Help: Data Analysis - Upload your own data

  1. Chose the type of analysis you want to perform from the Data Analysis menu (Pathway, Gene Ontology, Network, Interactor, TFBS , eQTL ) and select a file to upload by clicking on the "Upload File" button - upload a tab-delimited file of protein/gene identifiers or accession numbers (human, murine or bovine gene/protein identifiers only).
    Alternatively, click on the "Web Form" button and paste your tab-delimited data in the text box (max. 1000 lines)

    Note: There should be only one accession number per row. Probes that map to multiple genes should be removed.

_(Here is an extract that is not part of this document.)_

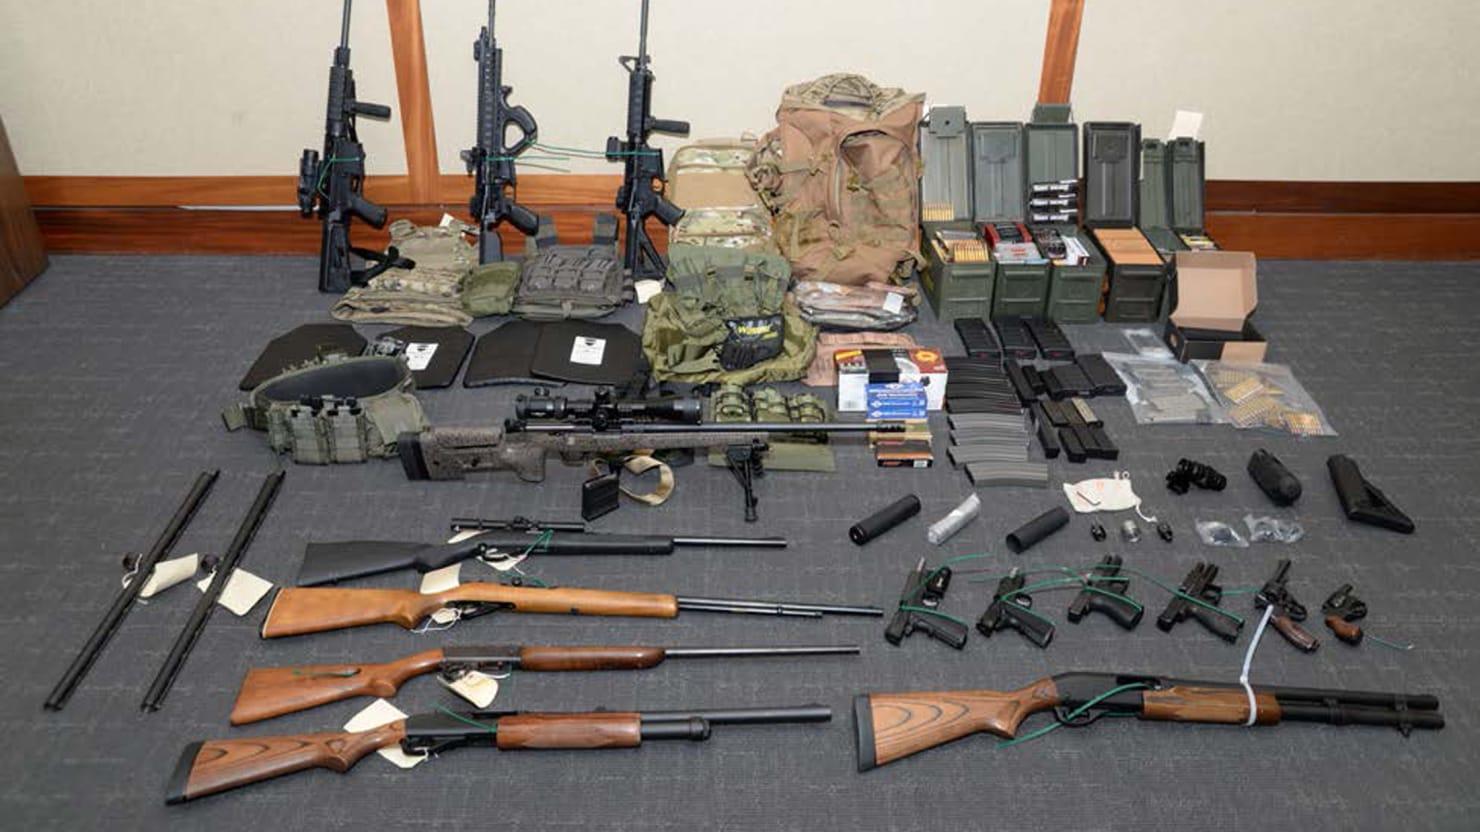 Coast Guard Lieutenant Plotted Terror Attacks High on Opiates at His Desk: Prosecutors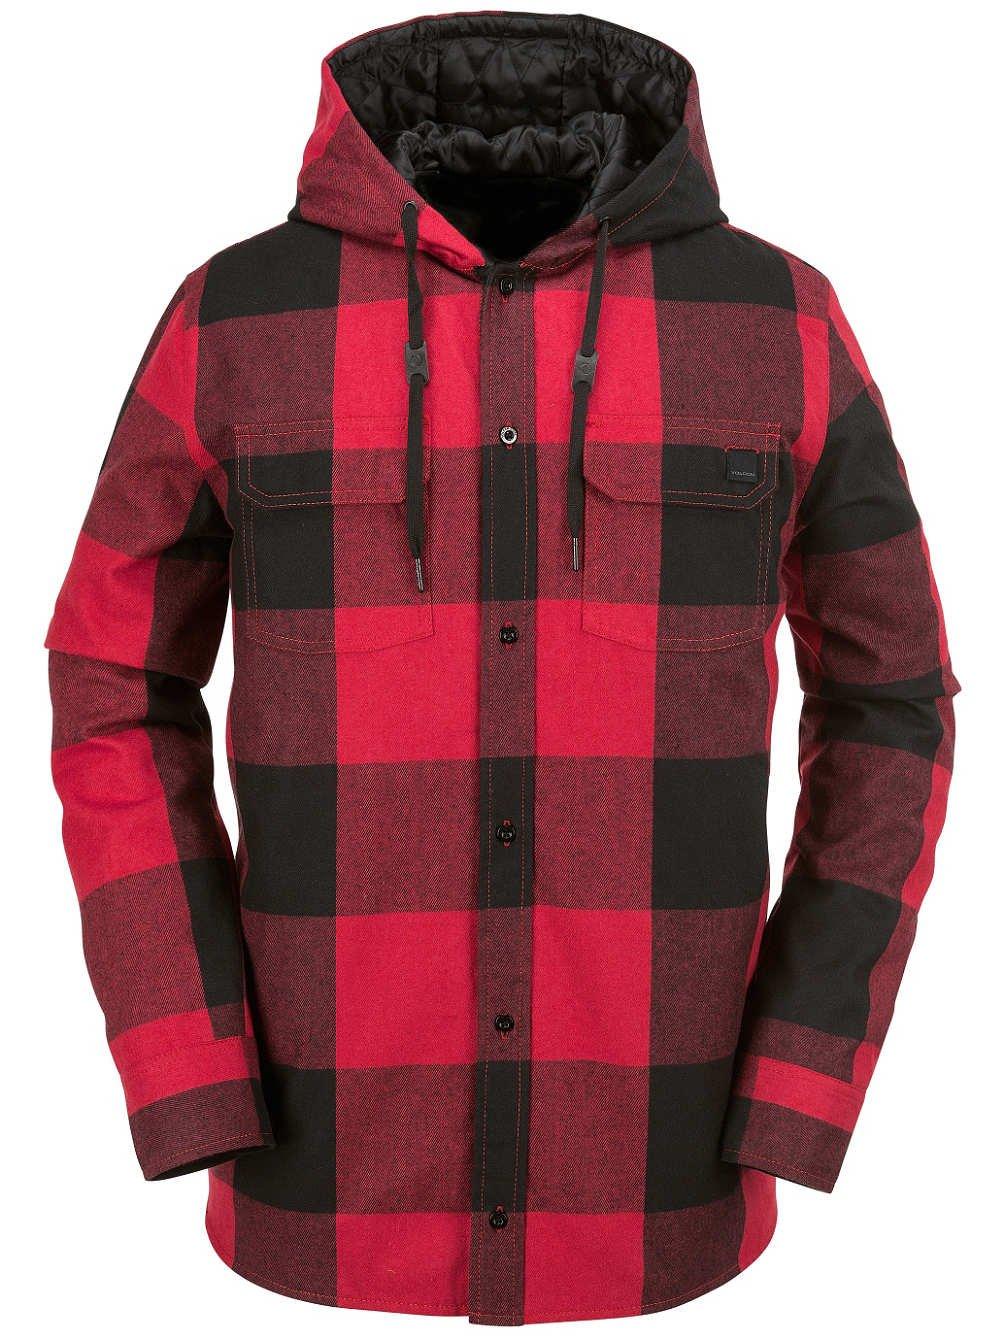 Herren Snowboard Jacke Volcom Burl Ins Flannel Jacket

    Accession numbers from the following databases are currently accepted:
    • Ensembl
    • RefSeq
    • Entrez
    • UniProt
    • InnateDB/AAP (gene IDs only)
    For eQTL analyses, you can also upload a list of SNPs using dbSNP identifiers.
    We strongly recommend to use Ensembl identifiers since they have a one-to-one mapping to InnateDB/AAP gene identifiers. Identifiers which map to multiple genes (e.g. some UniProt identifiers) will be ignored.
  2. Click on the column headers to specify which column in your data file contains the identifiers/accession numbers for each gene (and which database they come from). This is called the "Cross-reference ID".
    You can only specify one cross-reference ID column. Please note that when using identifiers from InnateDB/AAP, only gene IDs are allowed, not interactions IDs!
  3. Specify the Cross-reference database. This is the database where the identifiers in the cross-reference column come from.
  4. If you have included gene expression data - identify which columns contain the gene expression values and their associated p-values.
    You may also identify the column containing the probe IDs if you have included them in your file.
    Including quantitative data such as gene expression data is optional but a very useful way to investigate quantitative data in a pathway and interaction network context and to carry out subsequent analysis such as Pathway Over-representation Analysis. It is used to include gene expression values in your file that are mapped to molecule cross-references.
    Expression values must be in the format where a value of +2 represents a 2 fold increase in expression and a value of -2 a 2 fold decrease in expression.
    You can specify values from up to ten different conditions or time-points. You can also specify a name for each condition.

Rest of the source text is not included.